My era of returnees bombarded every financial institute eg. lending agencies and the general public with quantity surveying  formation. Our approach included our fellow professionals i.e. Architects, Engineers and any other group involved in planning and organizing any aspect of the industry. As a result, today we have a much more knowledgeable cadre of building professionals who should now be more efficient in servicing the general public and financial sector. However our responsibility as professionals does not end here.

Our next challenge is to replace external examinations such as City and Guilds, Clerk of Works examinations, Institute of Builders etc. with similar local programmes which are overseen by local examining board consisting of our professionals who would have designed and compiled the syllabus.
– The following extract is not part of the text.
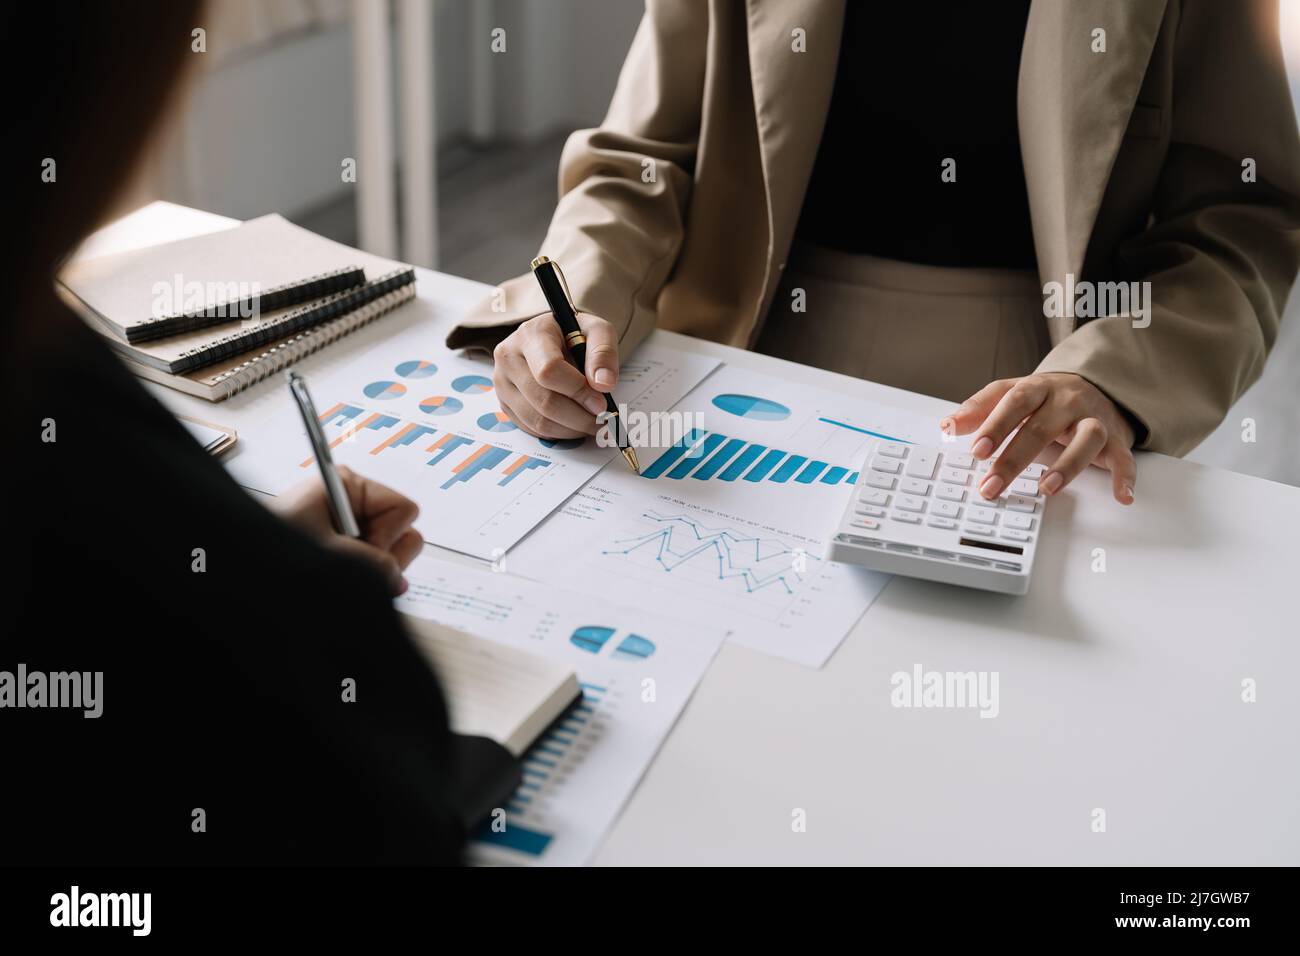 Business People utilizzando una calcolatrice e l'analisi di reddito, bilancio, bilancio, informazioni aziendali - business meeting concept. Foto Stock
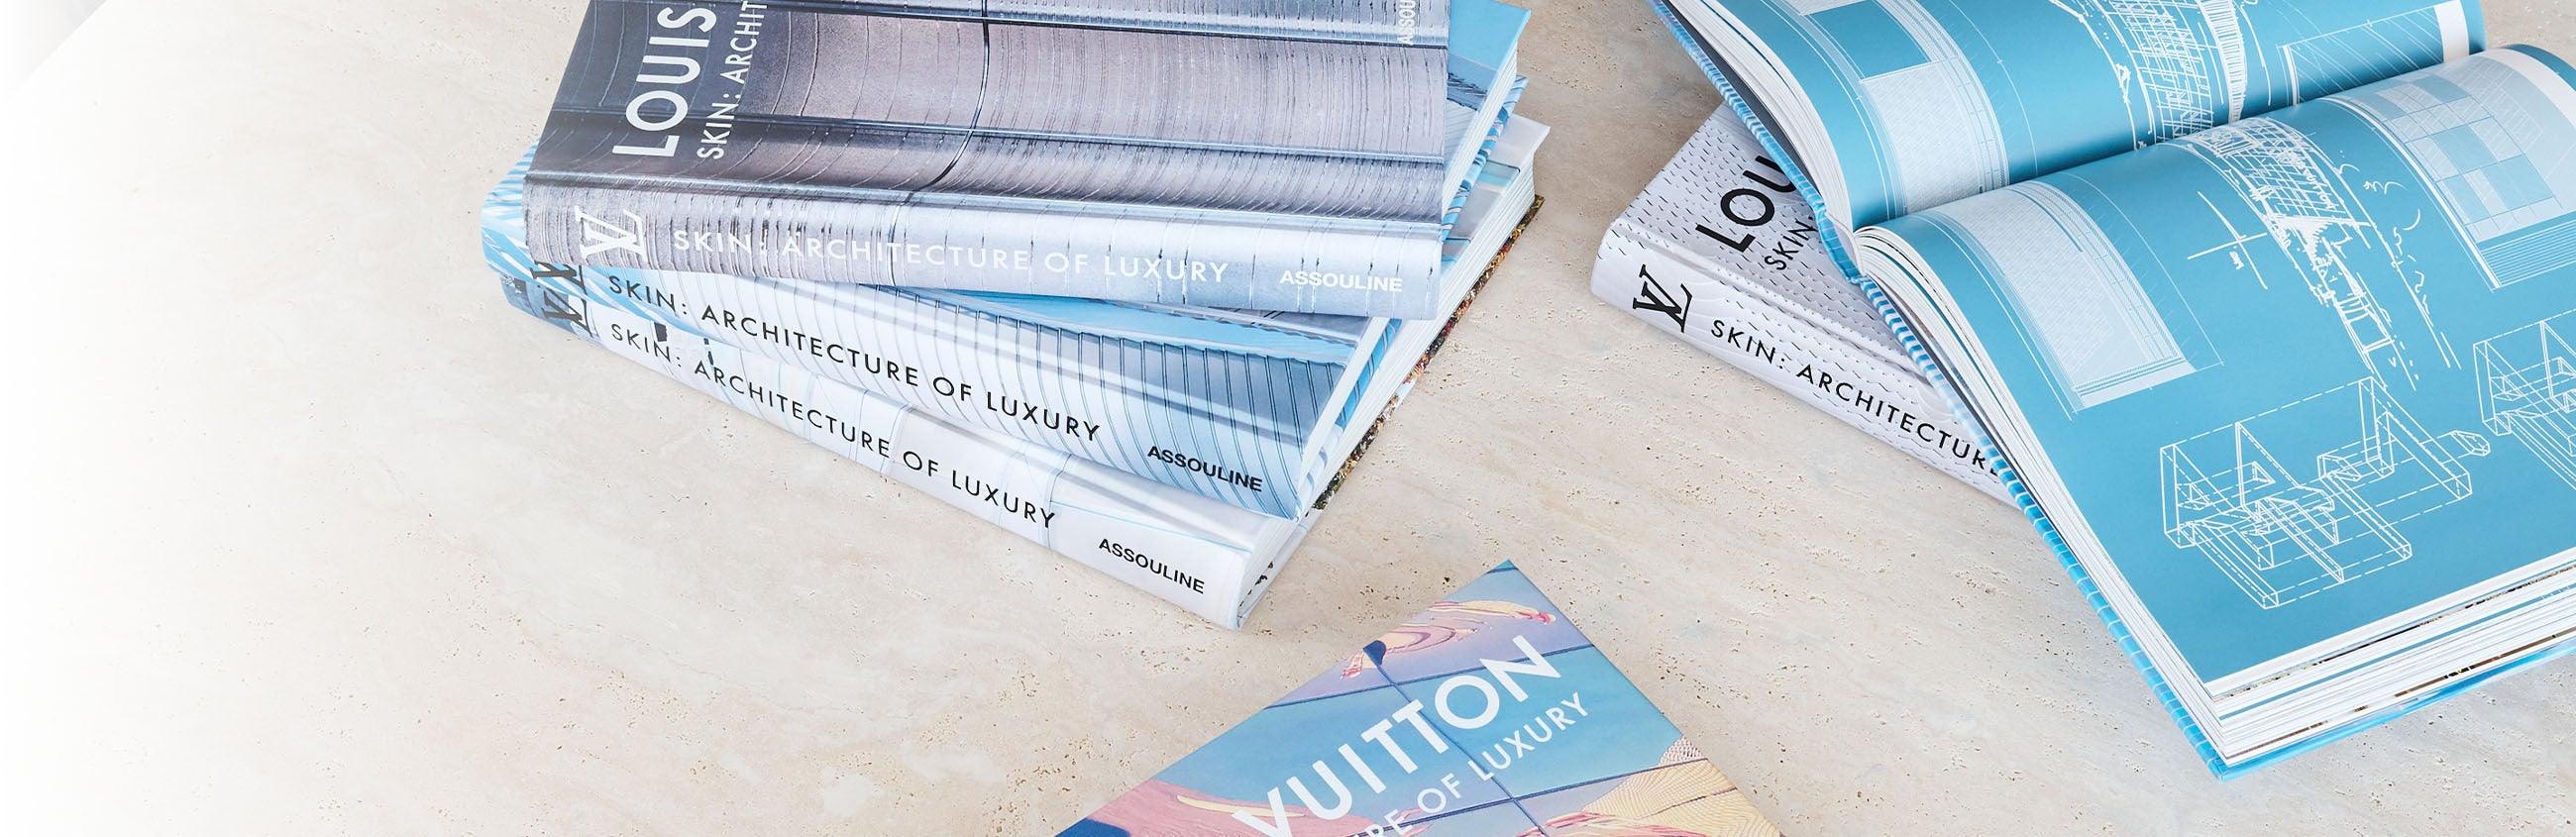 Louis Vuitton Collection - ASSOULINE

Finally, professionals must reflect a high level of integrity in not only their everyday conduct but in their professional demeanor and practice. We must earn the respect of our community both professionally and generally. Dignity is not handed to you because you are a professional. You must earn it by your general conduct and all its members must be a party and comply with the necessary requirement. Having been a member of the building industry for nearly 50 years, I strongly believe that professionals in developing countries must:

a. Educate the public and their fellow professionals as to their function.
b. Train not only your fellow professionals but all the subsidiaries in your field. It is an investment well made.
c. Conduct research in all aspects of your profession so that one’s performance and its basis must be recorded to be in a form to be passed on and
d. Finally, strive to achieve integrity in both general and professional behaviour.

When we have developed a culture of knowledge sharing and mentoring, issues like research and development as well as professional development progress naturally finally resulting in the growth and development of the building industry.